The MCSB issues recommendations based on assessment findings. Only built-in recommendations from the MCSB affect the secure score. Currently, risk prioritization doesn't affect the secure score.
Recommendations flagged as Preview aren't included in secure score calculations. You should still remediate these recommendations wherever possible, so that when the preview period ends, they'll contribute toward your score. Preview recommendations are marked with an icon: .
Viewing the secure score
When you view the Defender for Cloud Overview dashboard, you can view the secure score for all of your environments. The dashboard shows the secure score as a percentage value and includes the underlying values.
The Azure mobile app shows the secure score as a percentage value. Tap it to see details that explain the score.
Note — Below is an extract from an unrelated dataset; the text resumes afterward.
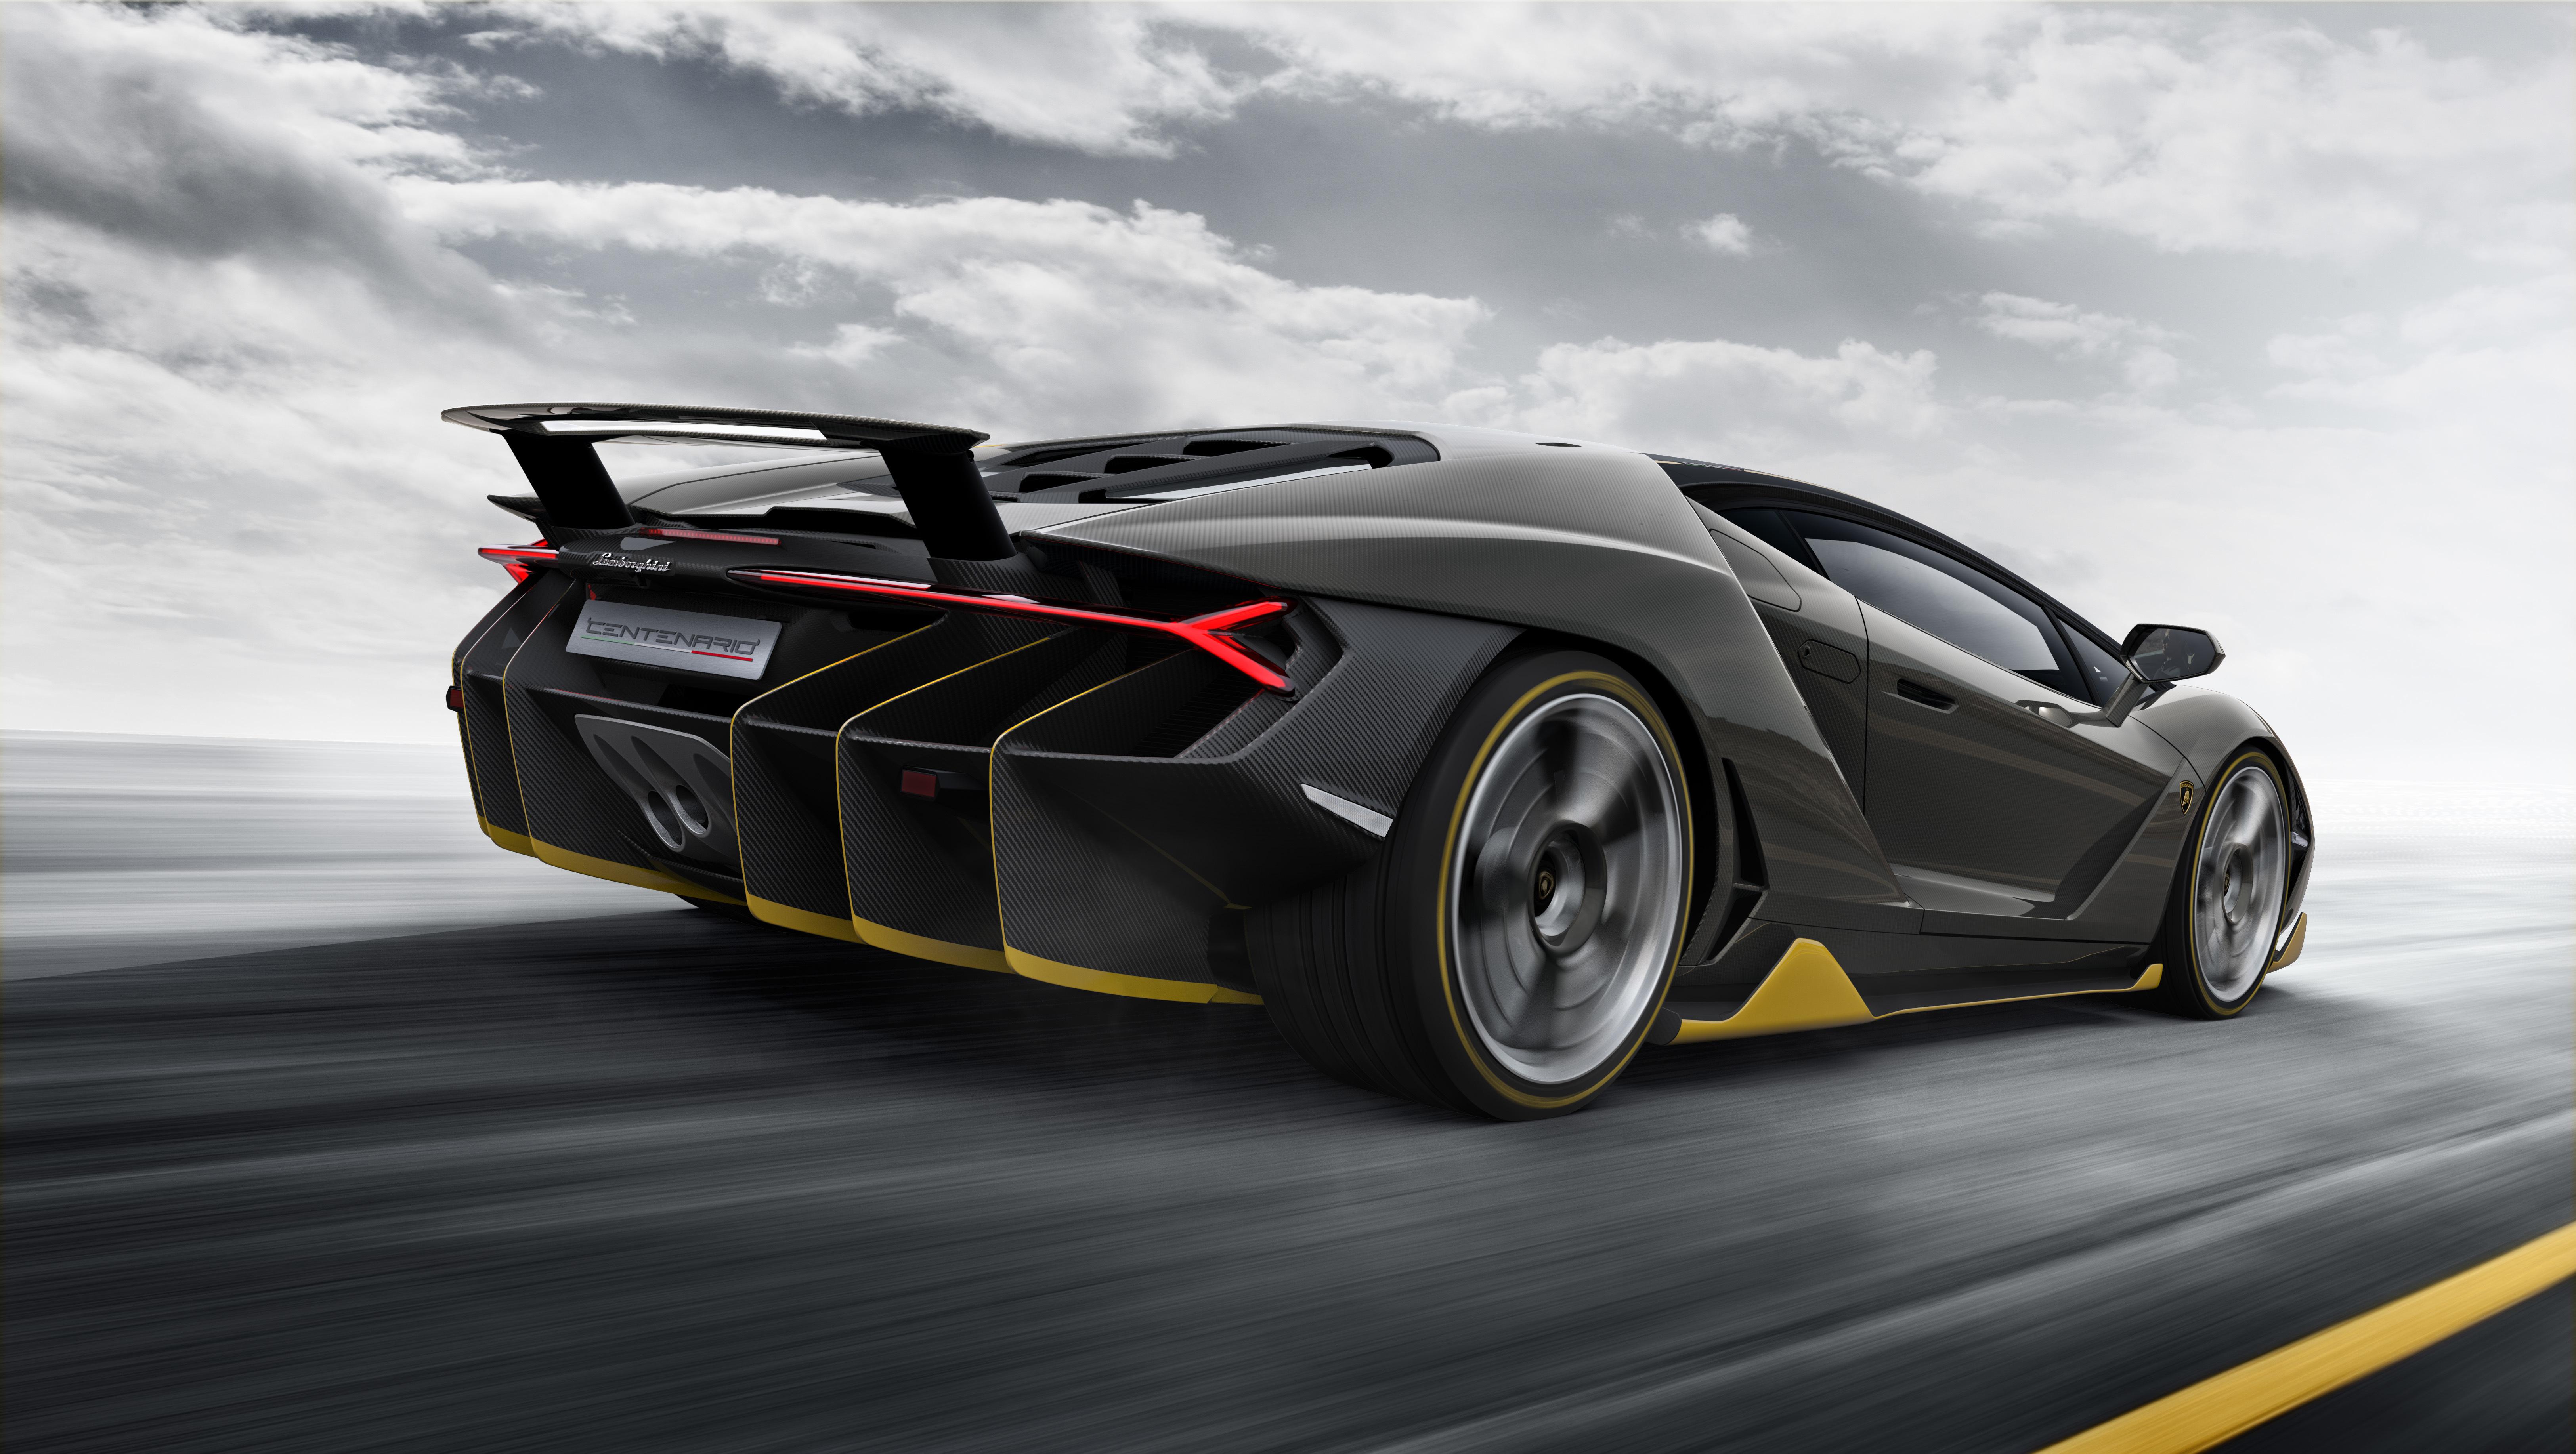 Картинка: Lamborghini, Centenario, LP 770-4, спорткар, скорость, движение, дорога

Exploring your security posture
The Security posture page in Defender for Cloud shows the secure score for your environments overall and for each environment separately.
On this page, you can see the subscriptions, accounts, and projects that affect your overall score, information about unhealthy resources, and relevant recommendations. You can filter by environment, such as Azure, Amazon Web Services (AWS), Google Cloud Platform (GCP), and Azure DevOps. You can then drill down into each Azure subscription, AWS account, and GCP project.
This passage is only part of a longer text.